On the Grad Glam Shots

On the Grad Glam Shots May 22, 2013

My high school graduate picture combined bad taste on my part with artless camera work on the photographer’s part with hair so puffy that it had no part.

A great blessing of being (almost!) fifty is that such pictures are hidden: a blessing I share with the world by not sharing with the world.

Recently I received a question about high school pictures, a good question from a very bright student:

I have been recently receiving a lot of graduation announcements. Many of which
consist of various professionally done glamour shots. I do not see
anything wrong with a single conservative picture of the graduate, but
a collage of all kinds of poses? I find this to be highly conceited,
maybe even self-worship. Why does society accept this? Why are good,
devout Christians blinded to the obvious self-adoration it promotes?
Where did such a custom originate? How did it become so popular? And
where must we draw the line? (Or am I just crazy?)

Time are bad when the prudent worry about being crazy. The student is certainly not crazy, though she might be wrong or driven to censoriousness by bad art.

There is nothing inherently wrong with a series of “professionally done glamour shots.” Unlike torturing leprous kittens for fun, sending your friends a slew of poses might not be conceited or self-indulgent, it might even be good art.

Charity demands my belief that some “glamour shots” are actually done by true professionals and impart glamour. My experience in receiving these shots has not been good, but I am a hopeful person.

Why does anyone take a picture at graduation?

Graduation is a moment where society marks movement into adulthood. Parents, close friends, and future biographers cherish such pictures, as do any future children looking for mockable parental moments. I can see parents and teachers asking for a photo as a gift as the graduate celebrates his teachers and parents gift to him.

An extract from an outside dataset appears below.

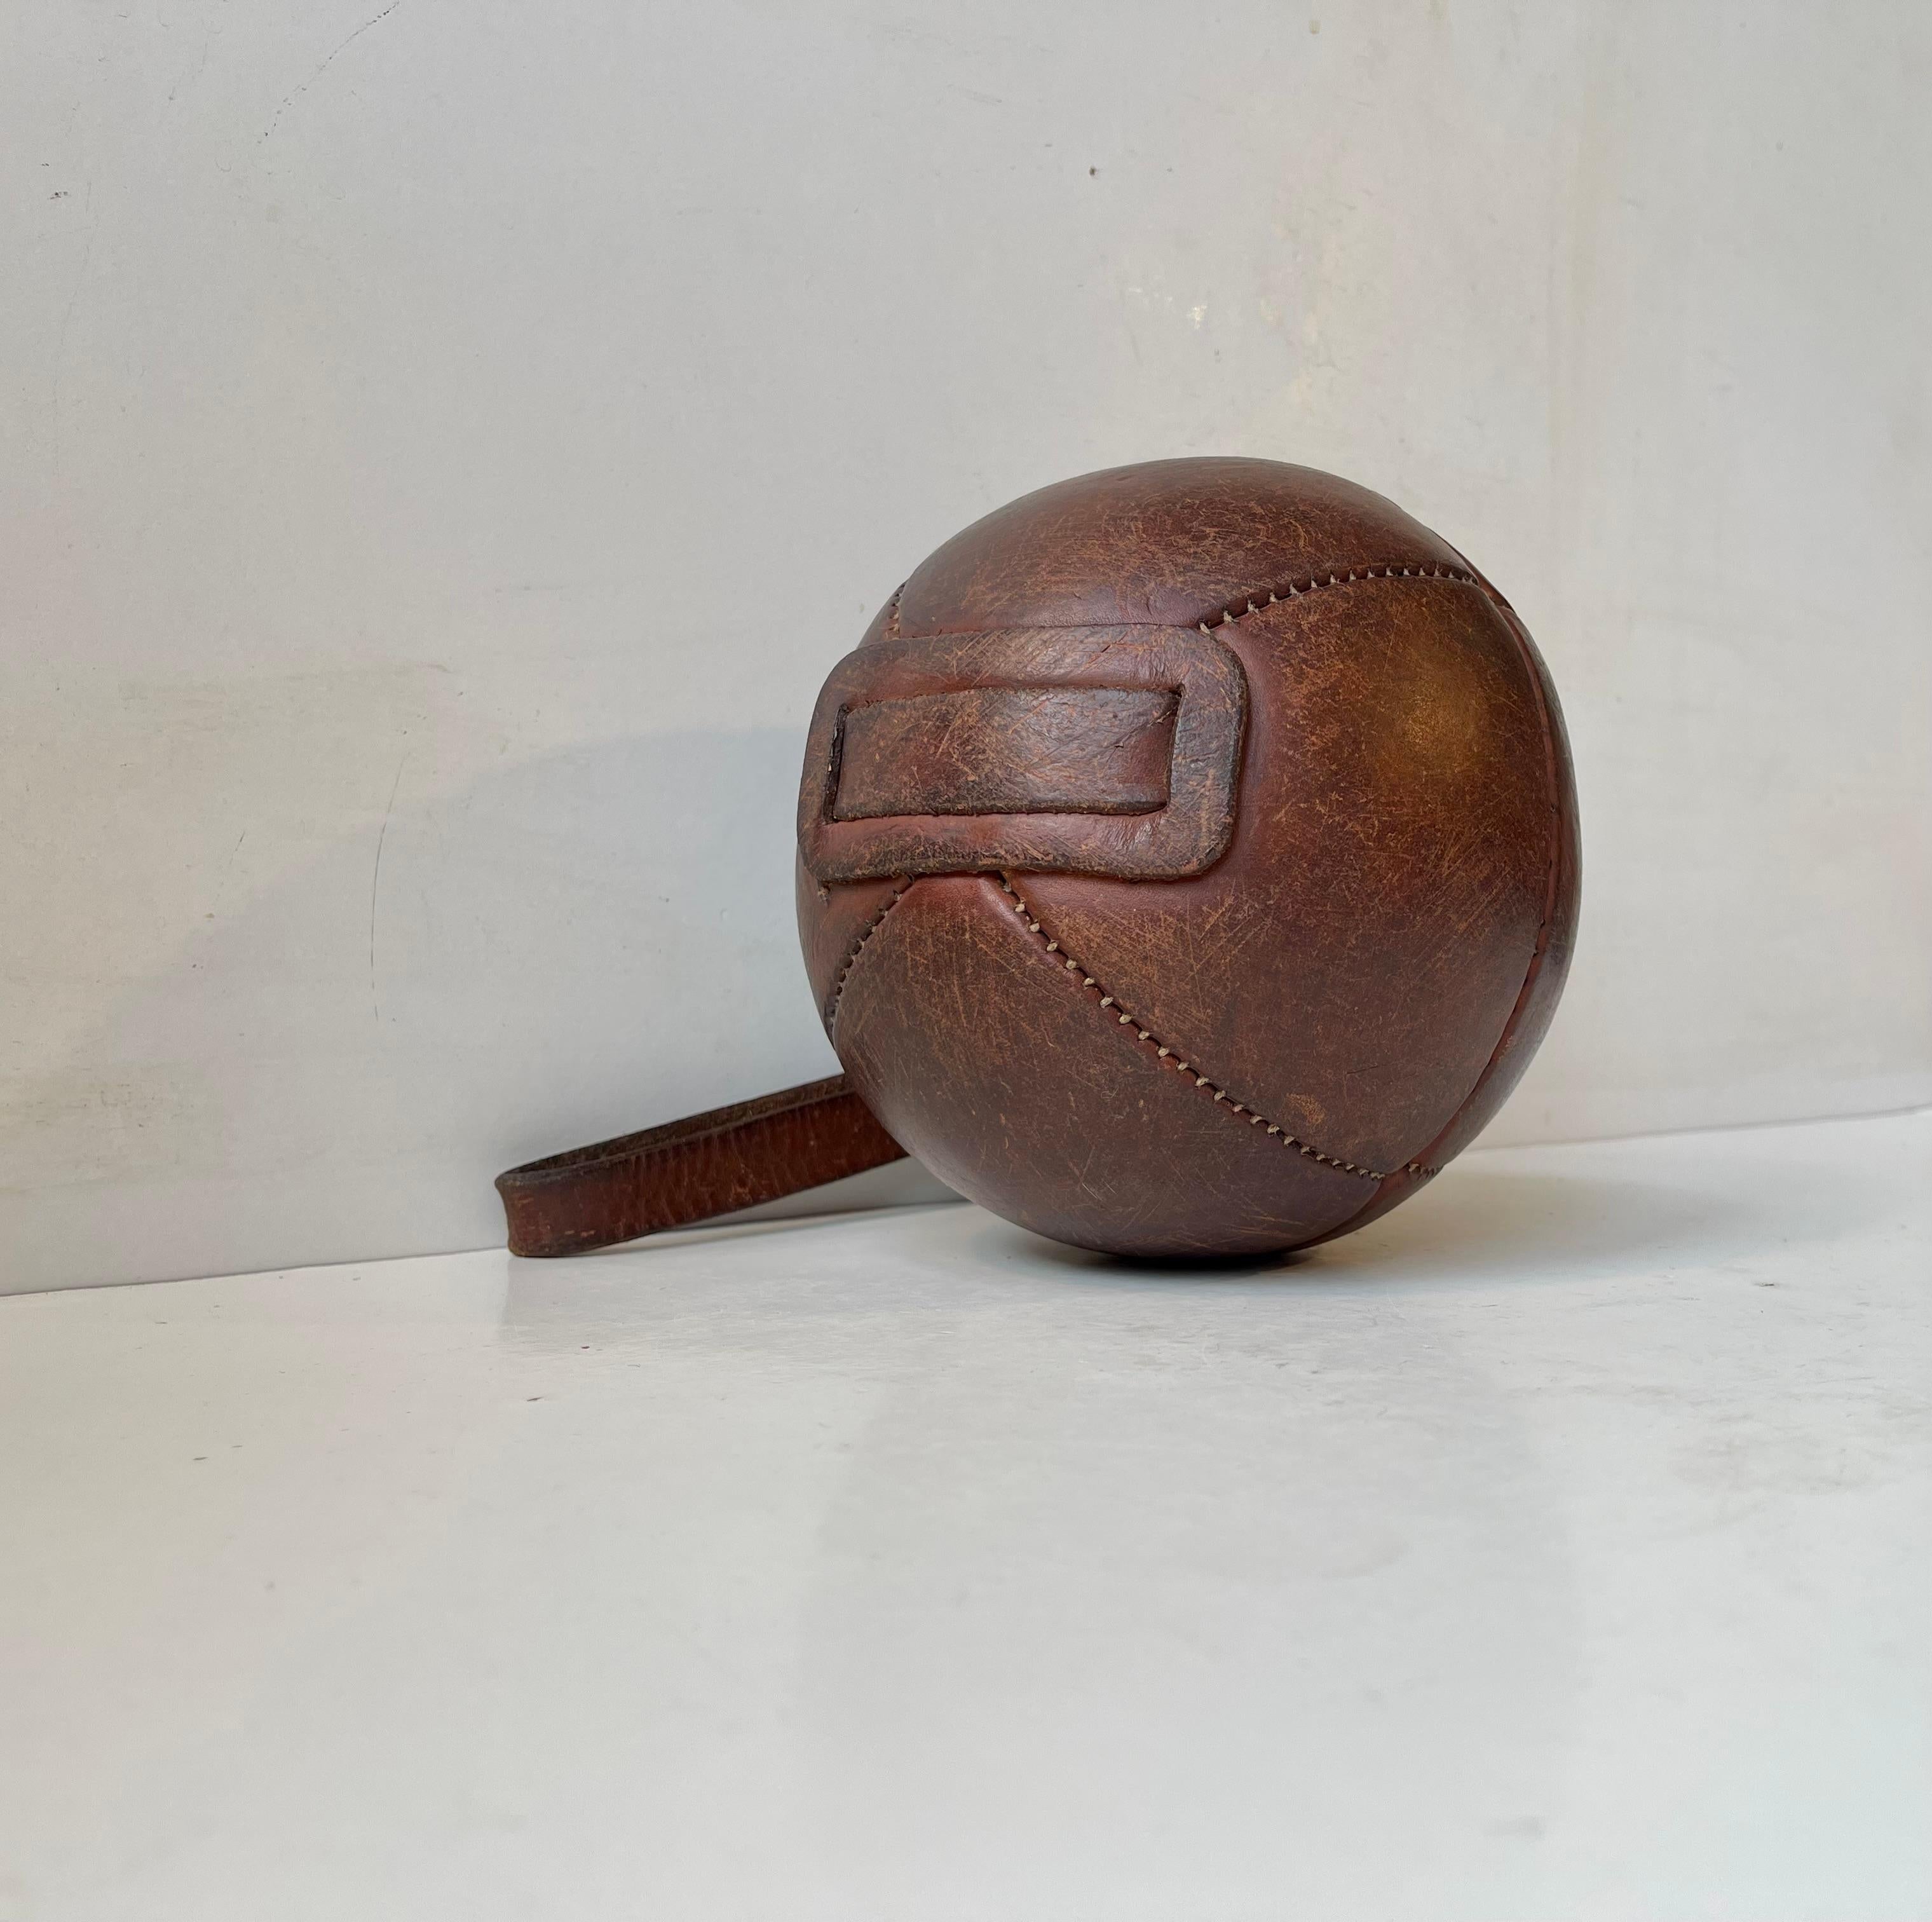 Ein dekorativer Riemenball aus patiniertem gegerbtem Leder. Ursprünglich wurden sie als Tragetuch, Medizinball oder Boxball verwendet. Dieses Exemplar wurde in Frankreich um 1930-40 handgefertigt und befindet sich in einem sehr authentischen und

And then I am reminded that for some bizarre reason graduation is no longer a celebration of the school, a way to honor the teachers, but a celebration of the student for having the sense to open a priceless package: education.

Don’t misunderstand me. I am all for parties and gift giving: almost any excuse will do. It just seems to me that a graduation should  be an acknowledgment of a personal achievement, which has the natural reward of a diploma, and a grateful thanksgiving by the graduate to his alma mater and teachers. Congratulations are due the graduate, gifts to the teachers.

Hanging around me are class pictures, from the Immortal First Class, to present college students and I cherish those pictures. I enjoy getting shots of former students as the years pass: Christmas is a good excuse. I am thankful technology has let this happen constantly through Facebook.

It is hard to see in that context the purpose of numerous “glamour shots.” As they are generally done, they don’t capture the student in time, but someone like the student wished they were. I have had to look from the program to the person at a graduation, because the photo was so little like the actual, much more interesting person.

I begin to suspect, and perhaps this is uncharitable, that the pictures are not gifts to us, but celebrations of self.

If a person takes a slew of glam shots for a graduation (or even a wedding), because they love looking at a “better than real life” image of themselves, then the problem is probably not self-adoration, but self-loathing. For one moment, they can look like the Barbie or Ken in the glossy or one television. Mostly, such pictures make me sad, it is hard to get righteously indignant about the pathetic.

My guess is that the cheapness of digital photography, the ease of manipulating images, combined with our consumption of millions of such image has led to the growth of the custom. It is mockable enough that a quick Google gets one to sites dedicated to mockery of such “glamour shots.” Such sites, the modern freak show, are cruel . . . and no more “amusing” than the old freak show.

All glam shots may not be self-indulgent, but all mockery of hapless high schoolers pictures is cruel.

So I can imagine a context (barely) where a “glam shot” is a good idea, and dressing up can be fun, but it is hard to imagine a context where too much digital manipulation or “posing” is a good idea. Of course, we all pose for photographs, but in the hands of a bad photographer these become stereotyped, contrived, and hide more than they reveal of the soul.

In other words: look your best to God’s glory, but look like God’s best you, not a false “you” imposed on your form by fallen humans. I enjoy putting on grown up clothes and taking out the Fairest Flower, but I still am a portly, older man: flaws and all!

Call me Biblical, but I want to love people for inner beauty shining through their forms than for glam.

At the worst, of course, such shots are a symptom of a culture that so bombards young men and women with ugliness and with false images of people that they reach for one moment  of social acceptability. If portraits we must have, find an artist, spend some time with the artist, and get a good picture done . . . or just send a link to a Facebook collection of live shots.

Christians want to love each other as God is making them to be inside. We accept and love any outer wrapper as a good gift from God!